Elle a probablement été cultivée sous serre chauffée, récoltée avant maturité pour supporter le transport, puis stockée en chambre froide. Le temps qu’elle arrive dans ton assiette, elle a perdu une bonne partie de ses antioxydants, de sa vitamine C et de ses pigments protecteurs. Et au passage, elle a le goût d’un vague souvenir de tomate. Tu sais, ce goût d’eau avec une texture farineuse qui te fait te demander pourquoi tu as payé 4 euros le kilo pour ça.
En plus de la perte nutritionnelle, il y a la question des traitements. Les cultures hors saison sous serre nécessitent souvent plus de pesticides et de produits phytosanitaires, parce que la plante n’est pas dans son environnement naturel et se défend moins bien toute seule. C’est pas pour te faire flipper, c’est juste pour que tu puisses faire un choix éclairé.
Et puis il y a l’argument du porte-monnaie. Un produit hors saison coûte plus cher, parce que tu payes le chauffage de la serre, le transport longue distance, le stockage en chambre froide. Bref, tu payes plus pour avoir moins. C’est un peu comme acheter un billet de concert au marché noir : le prix est doublé et t’as quand même une place derrière un pilier.
OK, mais en mars on mange quoi exactement ?
Parce que c’est bien joli la théorie, mais quand t’es devant l’étal du marché ou dans le rayon légumes, faut savoir quoi chercher.
Côté légumes (mars)
Poireaux, choux (tous les choux : chou-fleur, chou vert, chou rouge, chou de Bruxelles), carottes, navets, panais, betteraves, épinards, mâche, endives, céleri-rave, topinambour, radis noir, salsifis. Et les premiers signes du printemps commencent à pointer : les asperges arrivent doucement selon les régions.
Côté fruits (mars)
Pommes, poires, kiwis, oranges, clémentines (fin de saison), citrons, pamplemousses.
Oui, je sais, c’est pas la fiesta tropicale. Mars, c’est le mois de transition entre l’hiver et le printemps, et les étals ne sont pas encore couverts de fraises et de pêches.
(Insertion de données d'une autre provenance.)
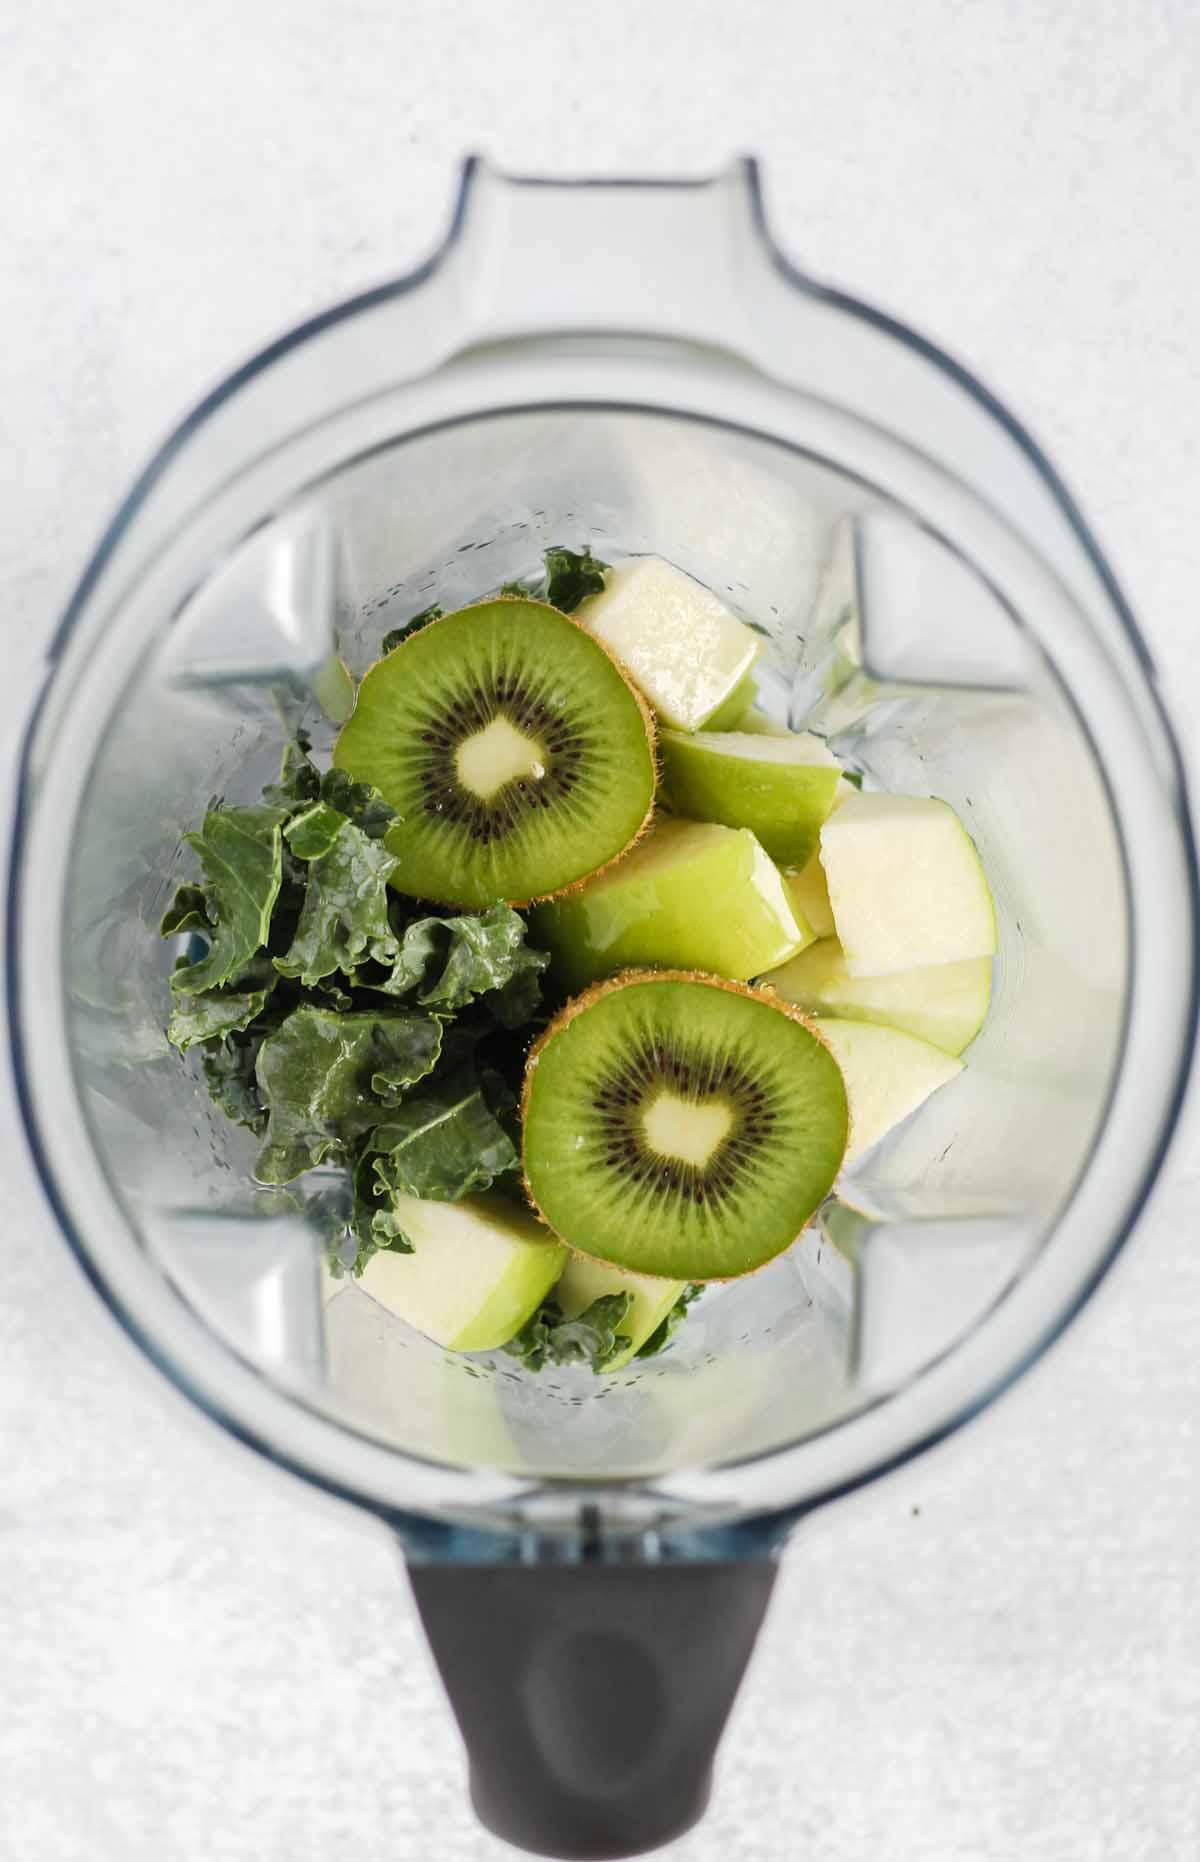 Ingredients for kale smoothie in a blender.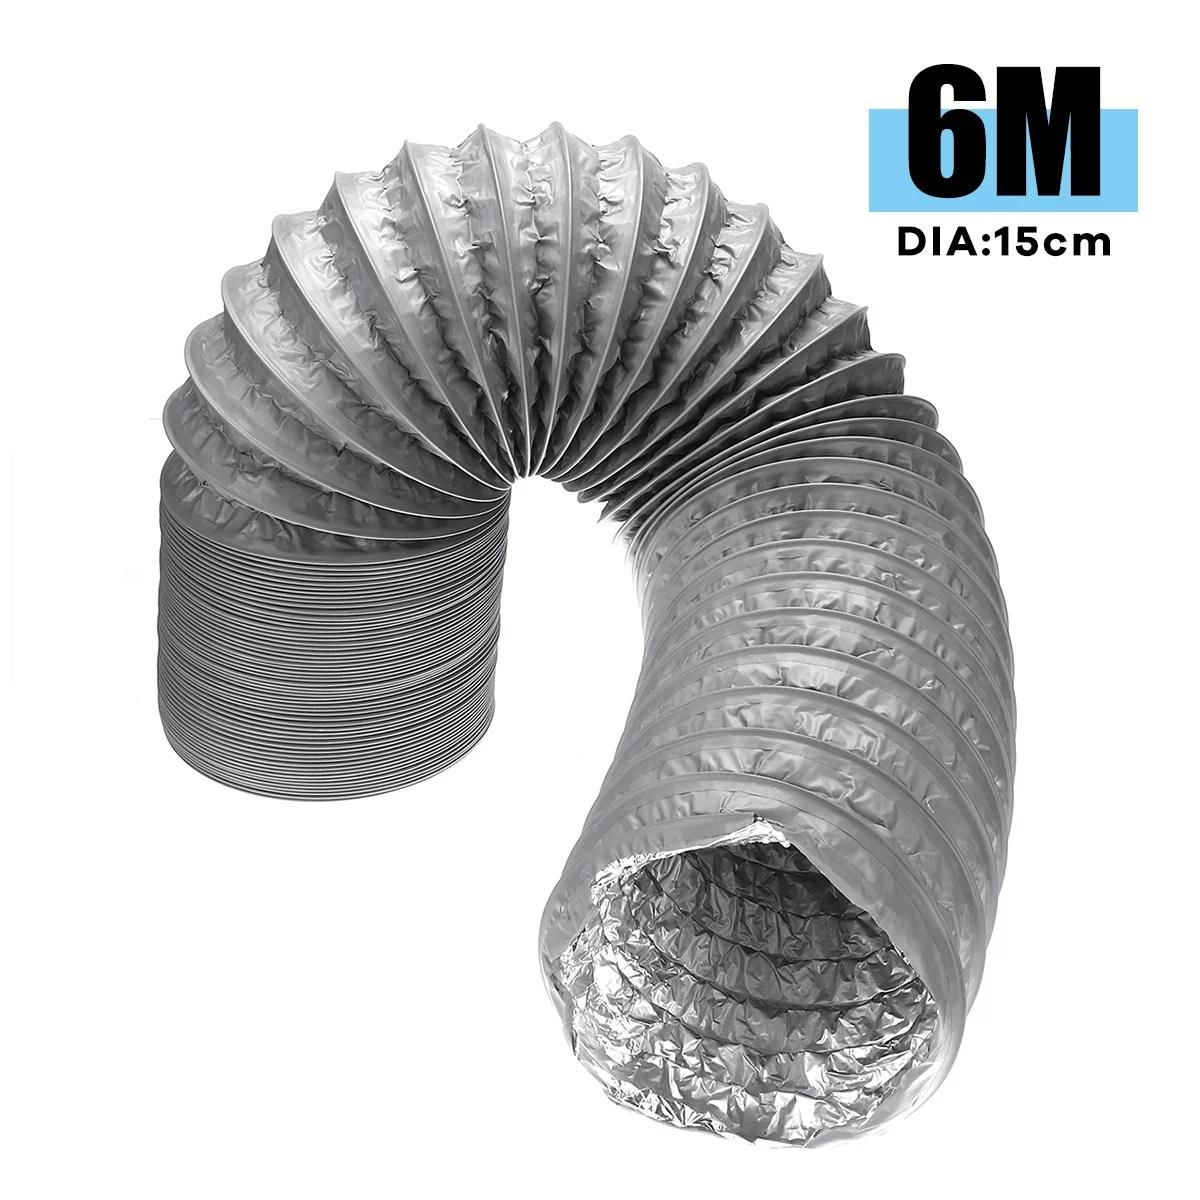 dia 15cm black 5ft 10ft 20ft flexible exhaust vent hose pipe ducting dryer vent hose pvc composite pipe for fresh air system

Mais il y a de quoi faire, crois-moi.
Un gratin de poireaux et carottes avec une béchamel légère. Une soupe de panais et noisettes grillées. Un chou-fleur rôti au four avec du cumin et un filet d’huile d’olive. Des endives braisées avec des noix. Un crumble de pommes aux épices (cannelle, gingembre, cardamome). Un smoothie kiwi-orange-banane le matin.
Tu vois, quand tu connais ta liste, les idées viennent assez vite.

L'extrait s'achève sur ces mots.